DATA TO USE:
Start of Block

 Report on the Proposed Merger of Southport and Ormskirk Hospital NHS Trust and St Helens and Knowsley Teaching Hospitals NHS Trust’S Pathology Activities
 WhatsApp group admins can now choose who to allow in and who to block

End of Block
Start of Block

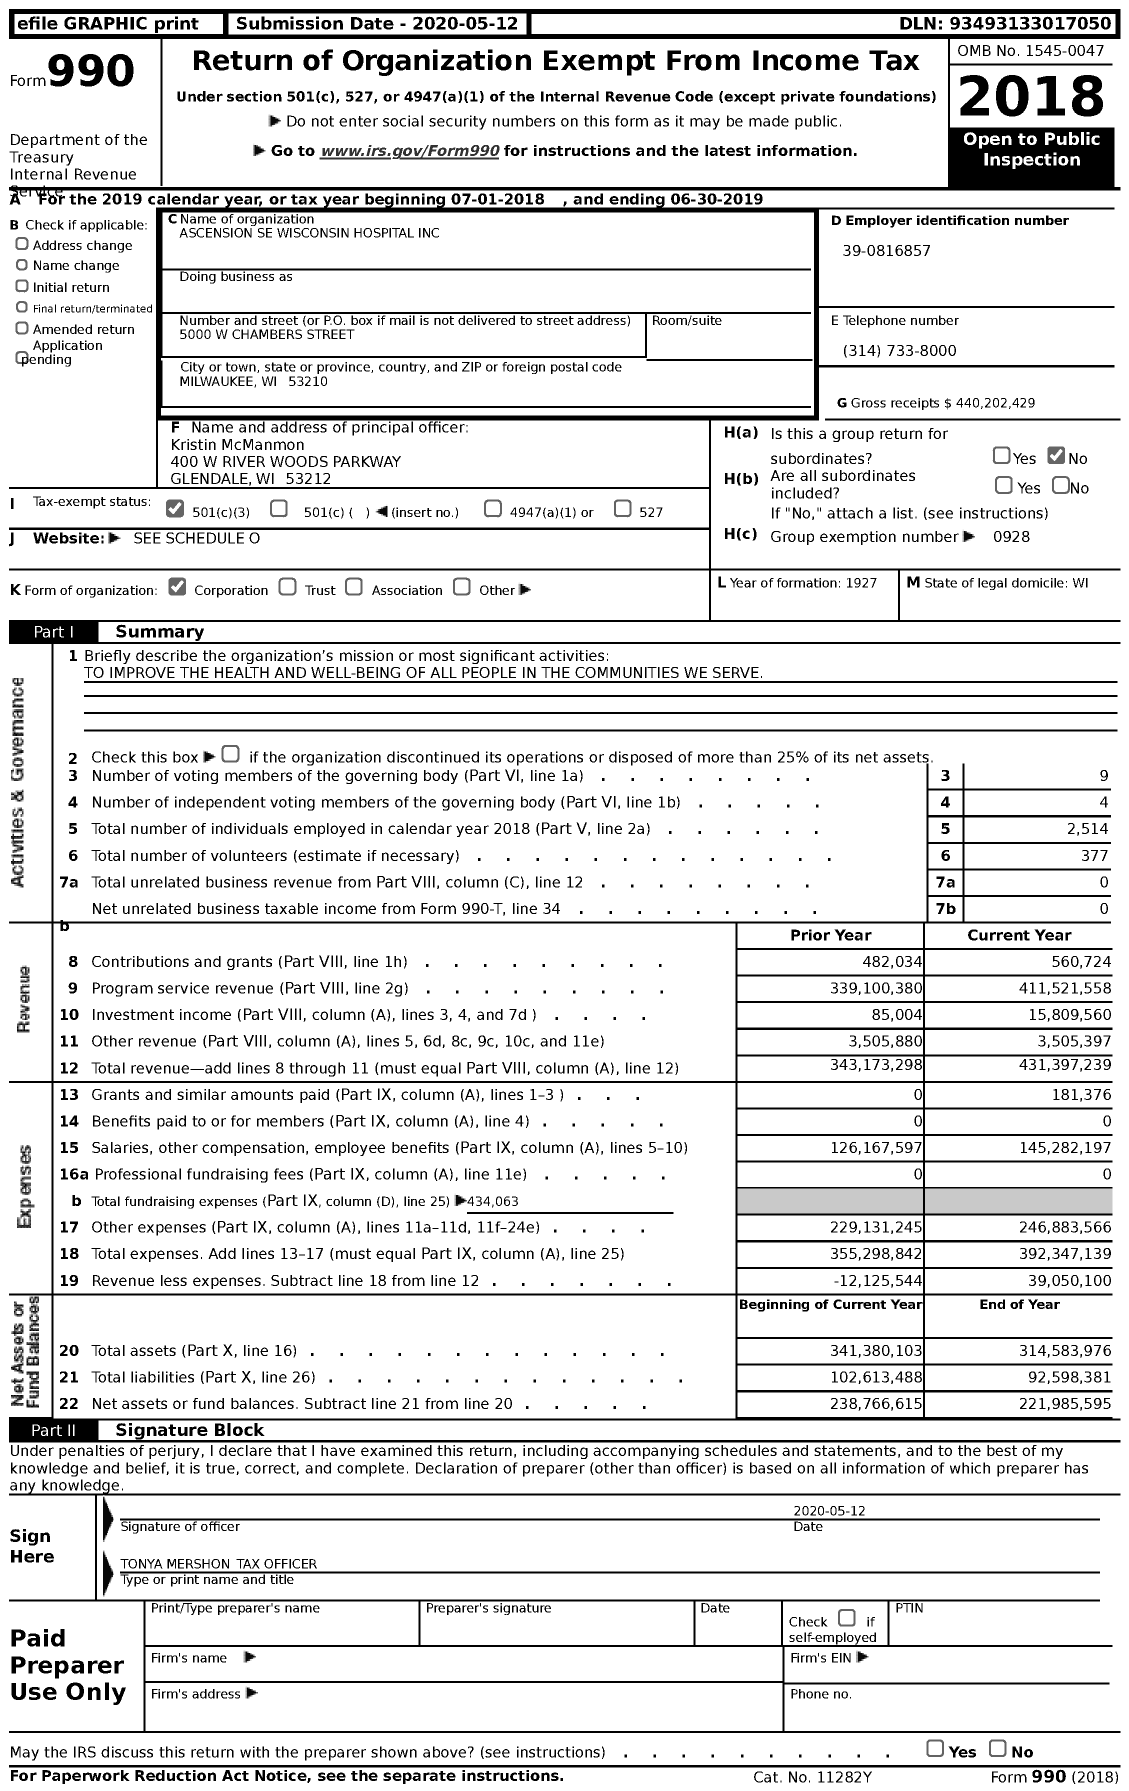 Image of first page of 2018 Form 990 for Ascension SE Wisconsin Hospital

End of Block

WORK REQUIRED:
Reproduce only the lines above spanning from the line containing "Report on the" through the line containing "WhatsApp group admins", word for word.

RESPONSE TO THIS EXERCISE:
 Report on the Proposed Merger of Southport and Ormskirk Hospital NHS Trust and St Helens and Knowsley Teaching Hospitals NHS Trust’S Pathology Activities
 WhatsApp group admins can now choose who to allow in and who to block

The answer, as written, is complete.